The experiment shows that the increase of DataSet is quite obvious to MAP promotion. In the same way, comparing the detection network Fast and faster, the detection of the network SSD obtains better results.
  
The experiments show that all the methods can increase MAP by comparing various design methods.
  
The experiments show that the fusion of different layers is an important method, in which the detection problem of object with different sizes is mainly solved.
  
The experimental results show that the comparison of YOLO and faster rcnn shows that the SSD is fast and the accuracy rate is higher.

The author of this article mentions that the algorithm is worse than the large object for the small object detection. The authors think the reason is that these small object accounts for too little information at the top of the network, so increasing the size of the input image is helpful for small object detection. Additional data sets for small object detection is also helpful, because the randomly cropped image is equivalent to "enlarge" the original image, so the clipping operation not only increased the number of images, but also magnified the image.

Contact Us

The content source of this page is from Internet, which doesn't represent Alibaba Cloud's opinion; products and services mentioned on that page don't have any relationship with Alibaba Cloud. If the content of the page makes you feel confusing, please write us an email, we will handle the problem within 5 days after receiving your email.

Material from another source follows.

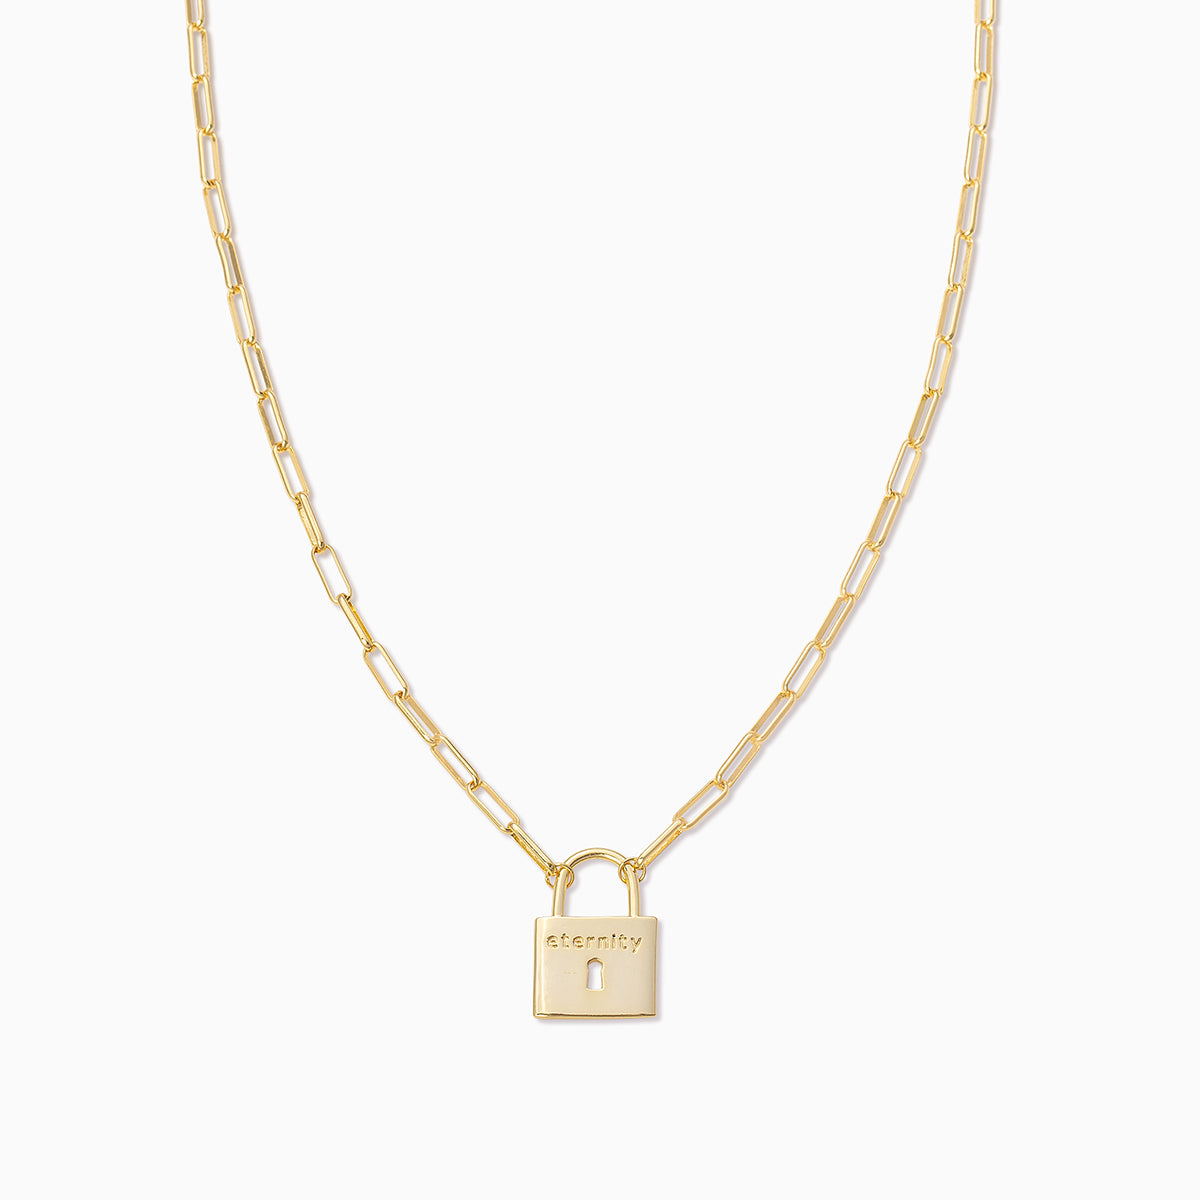 Eternity Lock Necklace | Gold | Product Image | Uncommon James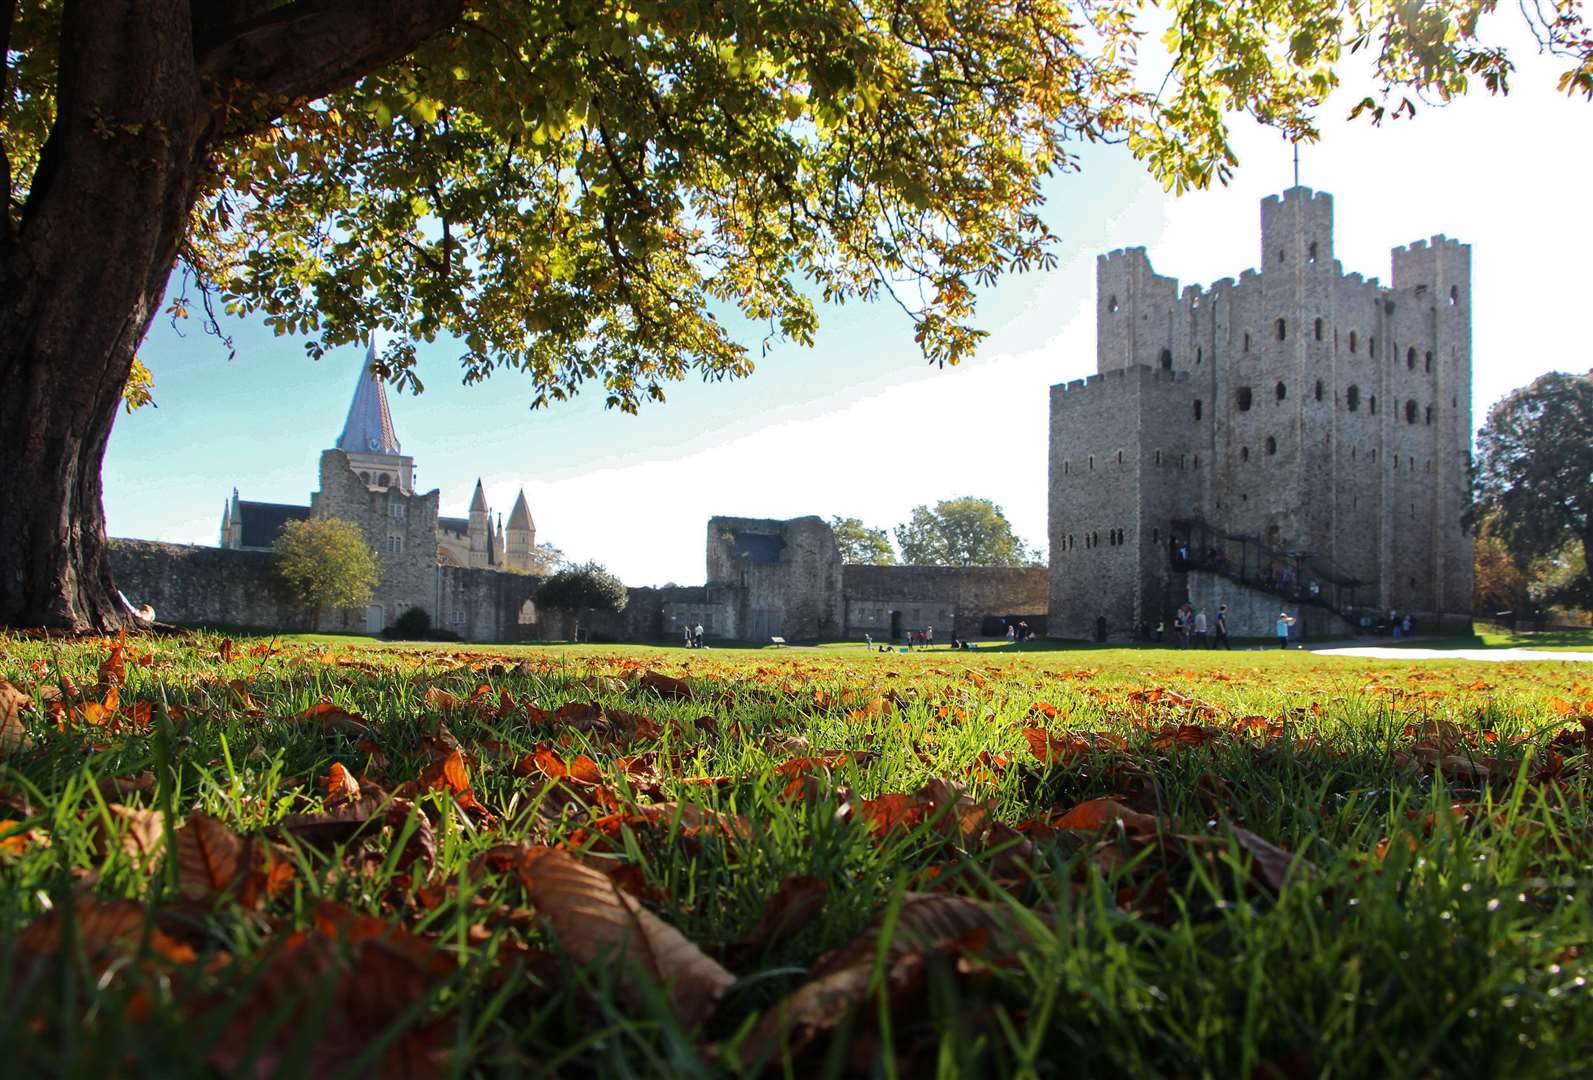 Rochester Castle Gardens in the sunshine. Picture courtesy of David Mathias.

If you find any instances of plagiarism from the community, please send an email to: info-contact@alibabacloud.com and provide relevant evidence. A staff member will contact you within 5 working days.

A Free Trial That Lets You Build Big!

Start building with 50+ products and up to 12 months usage for Elastic Compute Service

  • Sales Support

    1 on 1 presale consultation

  • After-Sales Support

    24/7 Technical Support 6 Free Tickets per Quarter Faster Response

  • Alibaba Cloud offers highly flexible support services tailored to meet your exact needs.